Forgive my denseness. What have I danced around?

As for who is most at fault...AMU cheated 2 years ago for 3 months - and stopped. She yells. She hordes. 

HB drinks more than any person I have ever heard of. He blatantly cheats in front of his wife, defying her to stop him (he knows she can't, because she wears the scarlet letter). He is such a lush that he can't even show up at his office any more because his drink is more important to him. He drinks despite knowing that it produces PTSD in his wife given her childhood.

You wanna tally sheet? I vote that HB needs to step up. At the very least, he needs to give up online dating while still dating. At the most, he needs to STOP DRINKING, which not only impairs HIS ability to have a healthy normal life, it hurts his wife daily.

And both of them need to attend MC.


----------



## turnera

oneMOreguy said:


> Tam usually advises that the ws needs to do the heavy lifting for R to work.....I just don't think amu is into that for the long haul.

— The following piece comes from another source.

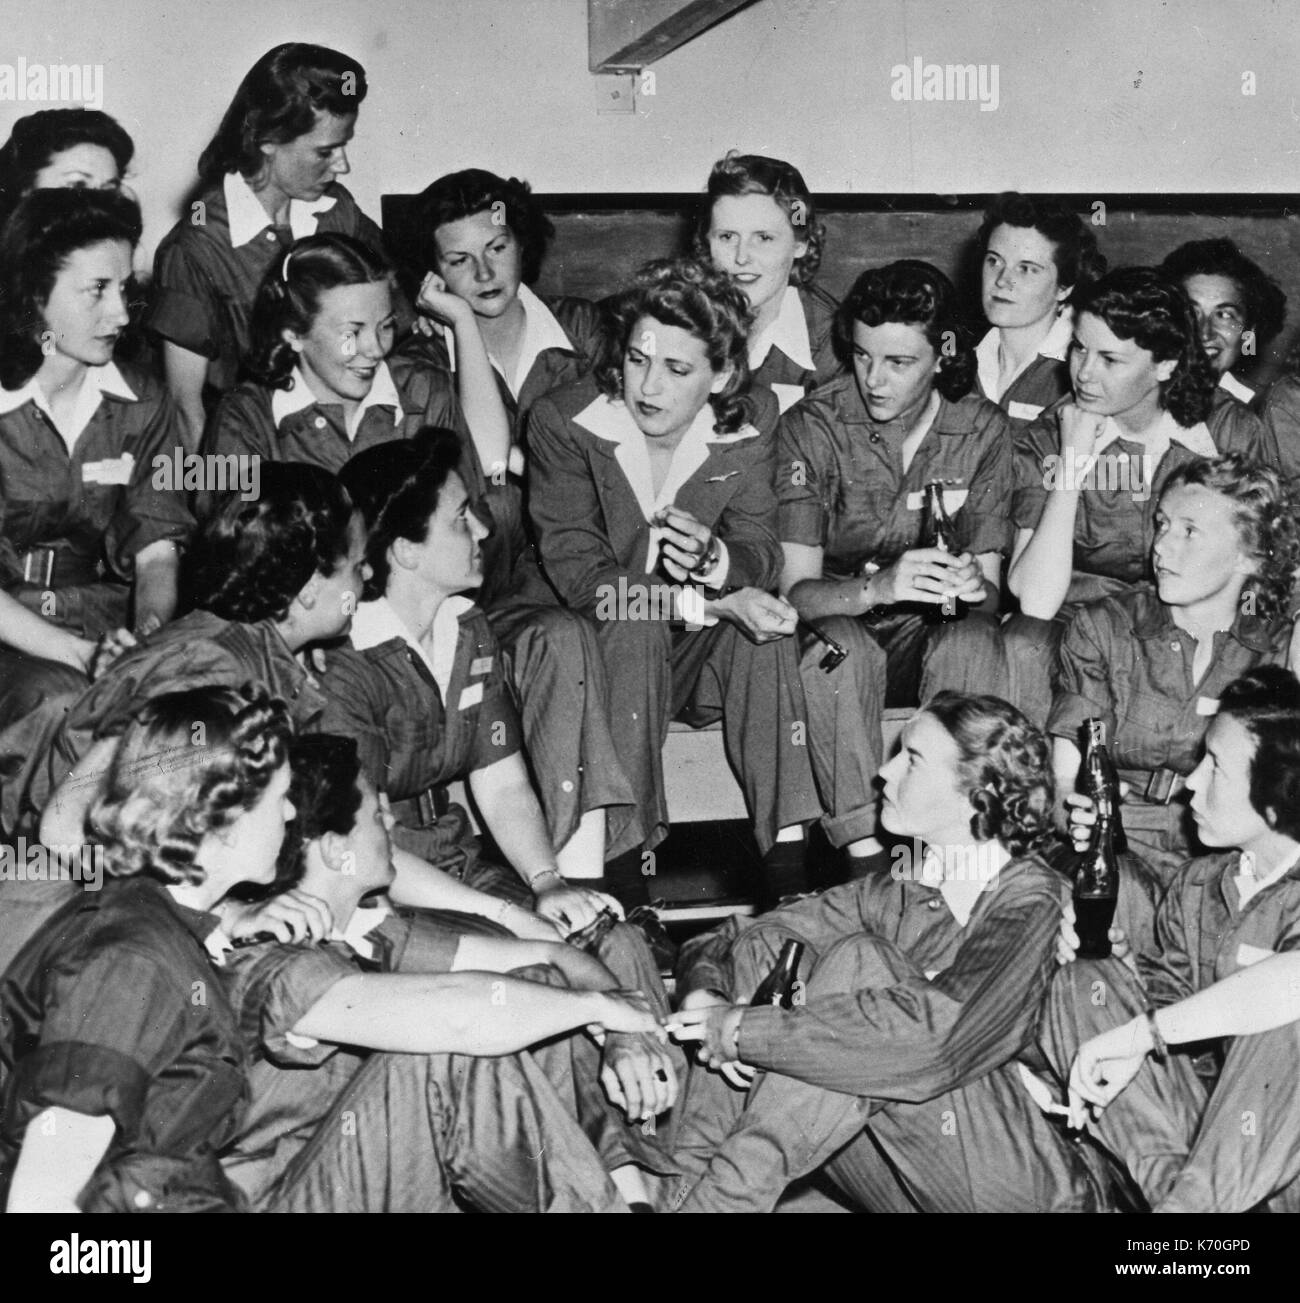 Jacqueline Cochran, Mitte, Direktor der Frauen Pilot Training AAF Flying Training Center in Fort Worth, Texas, spricht informell an eine Gruppe von Auszubildenden. Avenger Feld, Sweetwater, Texas, 1943. Stockfoto
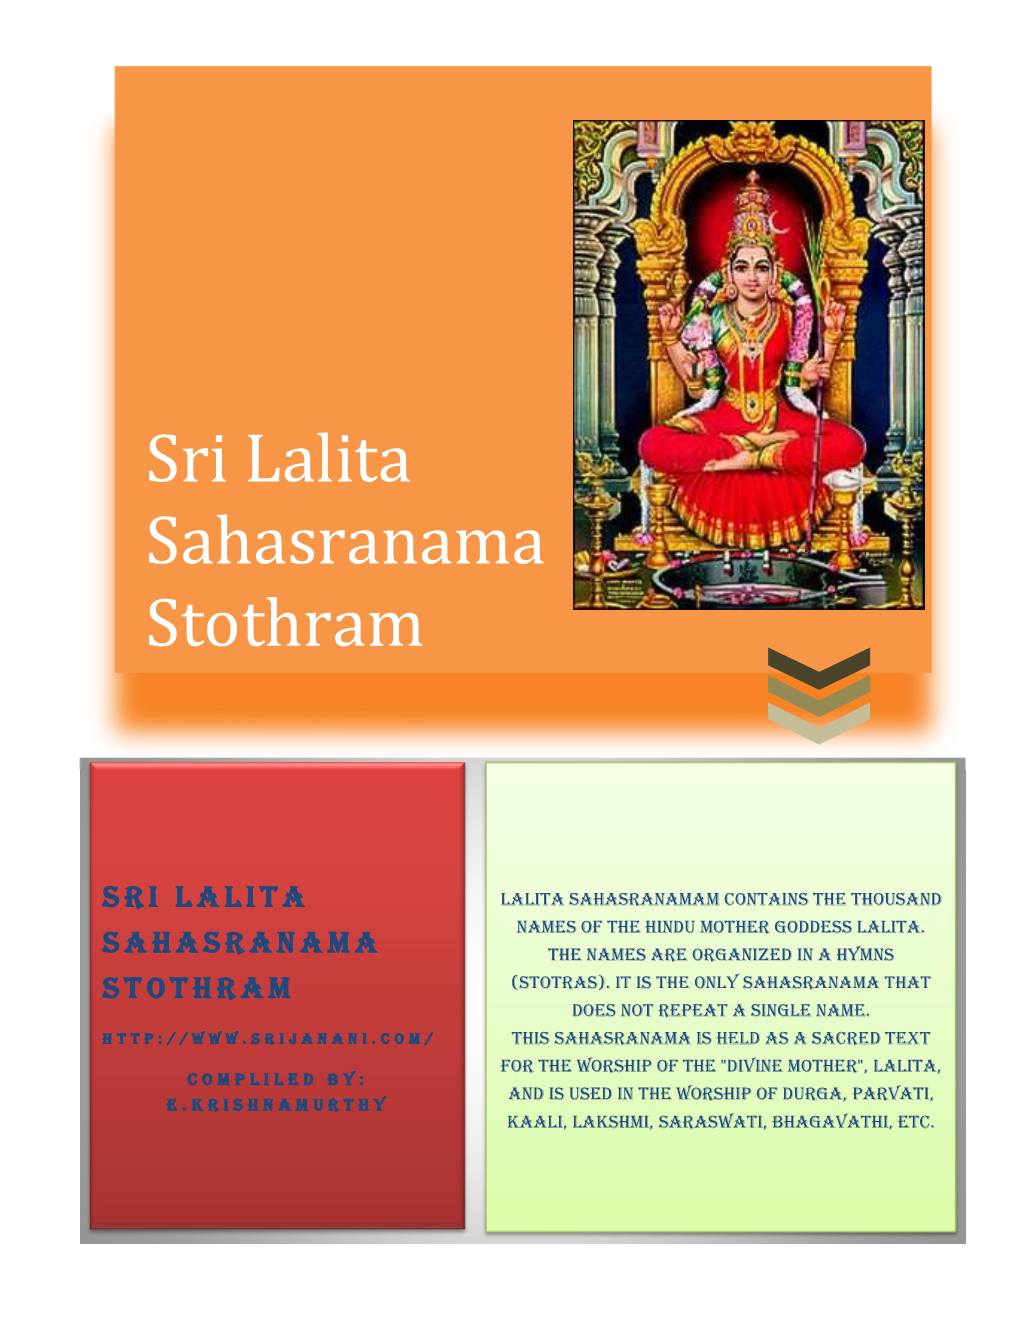 Sri Lalita Sahasranama Stothram

Really? Show me what she has done wrong, aside from yelling and hording and working out of their bedroom. She stopped cheating after 3 months. She tries to get him to go to MC with her but he deflects. She works, she contributes, she cleans his kitchen messes sometimes. What is she doing?


----------



## oneMOreguy

I do not think that mc would be of any benefit right now. Both seem too broken right now and need to work honestly with their own ic before an mc is likely to be effective. MC requires a cooperative effort that I don't believe they can pull off right now.

And it is disingenuous to compare her affair with his after the fact online accounts. He is clearly trying to punish her though... and that coupled with the drinking is why I think he needs ic.

I usually would not mind explaining a post of mine like you asked...but I have too much respect for you to actually believe you are too dense to figure out what I was saying. I am not one of those who enjoy internet battles so I will just pass on this one. At the end of the day all I want is for hb to be treated fairly like any other bs that comes to this site. It's the KISA in me that forces me to keep pushing the issue.

maybe we can all agree to keep pushing ic/mc for them rather than keep declaring them to be this or that. Classification is a job for therapists especially since all we hear are conflicting facts for much of their situation.


----------



## carmen ohio

_The wheels on the bus go round and round.
round and round.
round and round.
The wheels on the bus go round and round,
all through the town!

The people on the bus go up and down.
up and down.
up and down.
The people on the bus go up and down,
all through the town!

. . .

The babies on the bus go waa, waa, waa.
waa, waa, waa.
waa, waa, waa.
The babies on the bus go waa, waa, waa,
all through the town!

The parents on the bus go shh, shh, shh.
shh, shh, shh.
shh, shh, shh.
The parents on the bus go shh, shh, shh,
all through the town!

The mommy on the bus says, I love you.
I love you, I love you
The daddy on the bus says, I love you, too.
All through the town._

It's enough to break ones heart.


----------



## turnera

IDK, HB has recognized his disease an focused on reducing intake. AMU has recognized her hording and has vowed to start removing the mess. She has also vowed to not yell as much. It's a start.


----------



## LongWalk

Has anyone watched the movie Young Adult, staring Charlize Theron?


----------



## bfree

*Re: Re: Seeking Advice*



turnera said:


> IDK, HB has recognized his disease an focused on reducing intake. AMU has recognized her hording and has vowed to start removing the mess. She has also vowed to not yell as much. It's a start.


She's "vowed" to do a lot of things. Question is has she followed thorough. She says she goes to al-anon yet she seems either unaware of what they preach or she's just decided to ignore it. She went to IC for her anger but I believe she stopped going. She says she will stop buying but has she? She says she will stop hoarding but judging from those pictures...? Why are her work things still cluttering up the bedroom when she said months ago she would clean it up? I see a lot of promise but very little action. Is this a pattern? Is that how a WS atones? By promising and not delivering? Other than show a willingness to go to MC and share passwords what other steps has she taken TWO YEARS AGO to rectify her cheating?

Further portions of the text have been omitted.